[EM] Exhausted vs Wasted

Blake Cretney bcretney at postmark.net
Fri Nov 17 17:55:01 PST 2000


" " <donald at mich.com (Donald E. Davison)>, on the subject of '[EM]
Exhausted vs Wasted', is quoted as:
>- - - - - - - - - - - - - - - - - - - - - - - - - - 11-16-00
>Dear Blake Cretney and List,
>
>     Exhausted votes and wasted votes are two different types of
votes.
>     Exhausted votes happen when there is not enough choices made by
the voters.
>     Wasted votes are caused by the design of election methods or by
some
>design feature like gerrymandering, thresholds, and/or some quotas.
>     Supporters of the Droop quota like to mix the two so that
everyone
>will blame the exhausted ballots for causing the wasted ballots, but
this
>is deception.
>     The best way to reveal the wasted votes of a system is to remove
the
>exhausted votes.

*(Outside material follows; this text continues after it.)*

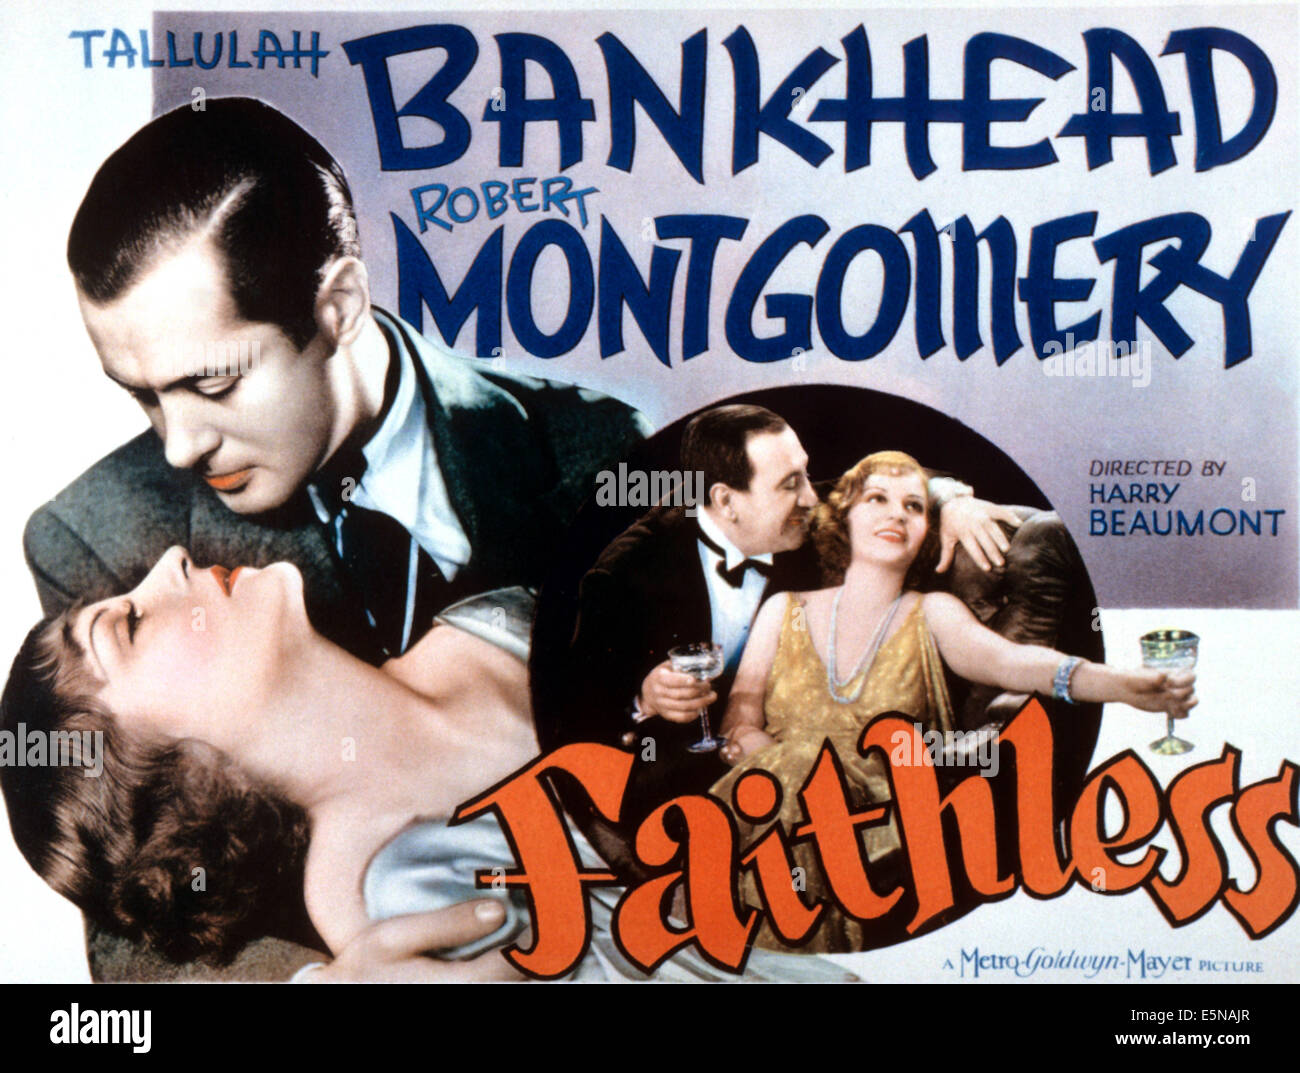 Download this stock image: FAITHLESS, Tallulah Bankhead, Robert Montgomery,...

This is done by assuming every voter has ranked every
>candidate. This should cause every vote to end up on one of the
winning
>candidates. Any votes not on winning candidates are wasted votes.
>     You wrote: "So, if everyone listed all the candidates in order,
there
>would be no exhausted votes, no matter what the quota."
>     You are corrrect to say that there will be no exhausted votes, but
the
>question of wasted votes depends on which quota is used. If the Hare
quota
>were used, there will be no wasted votes. All votes will end up on one
of
>the elected members. If the Droop quota were used, then one quota of
votes
>will be wasted, not ending up on any of the candidates.

I'm grateful to you for pointing out the distinction.  However, I wonder
if wasted votes as you define them are an important concept.  It seems
to me that after an election, people often complain either that they
wasted their vote, or that they voted one way to avoid wasting their
vote.  They are not really complaining that their vote didn't end up
assigned to a candidate.  I their actual meaning of a wasted vote is a
vote that was ineffective because it was sincere.

Your concept of wasted votes as votes that don't end up assigned to a
candidate may be related, or it may not.  I doubt that you would claim
that assigning every vote to a winning candidate is a goal in and of
itself.  There must be another basis for the concern, but it isn't clear
what it is.

Consider the following example (3 to be elected),

30 A B C D
30 B A C D
10 D C A B
20 C D A B

Using Hare, A and B are elected.  Then, C is elected.  No votes are
wasted.  Using Droop, A and B are elected.  Then, C is elected.  So the
same result is given, but I think you would conclude that some votes are
wasted.  However, in this case, the number of wasted votes can't
indicate a worse result, since the result is the same.  It doesn't
appear then that wasted votes is a reliable indicator of the quality of
an election result.

Here's another example (3 to be elected),  I'm imagining an AB party 54%
and a CD party 46%

54 A B C D
22 C D A B
24 D C A B

Hare gives a quota of 34.  A is elected, but the AB side loses 34 votes.

20 A B C D
22 C D A B
24 D C A B

B gets eliminated.  Then, so does A.  C and D are elected.  Note that
after being eliminated AB voters have their votes assigned to C, so that
they aren't "wasted".  On the other hand, that's probably little
comfort.  

The result seems to be that a minority faction won a majority of seats. 
This happened solely because their support was more evenly divided
between the candidates.  This kept them from winning in the first round,
which kept them from being eliminated.

Notice that when the AB group won in the first round, they paid a heavy
price, in terms of the power of their votes being scaled back.  The CD
group by neither electing candidates nor having them eliminated was able
to wait until the AB voters got assigned to them.  So, when they paid
for the later seats, it was comparatively cheap, because part of the
cost was coming out of their opponents pocket.  It seems to me that
Droop tries to offset this tendency by making early seats slightly
cheaper as well.  

It also seems to me that in an example like this, the measure of wasted
votes fails utterly, because it is not much better to have your vote
assigned to your opponents than to have it thrown out.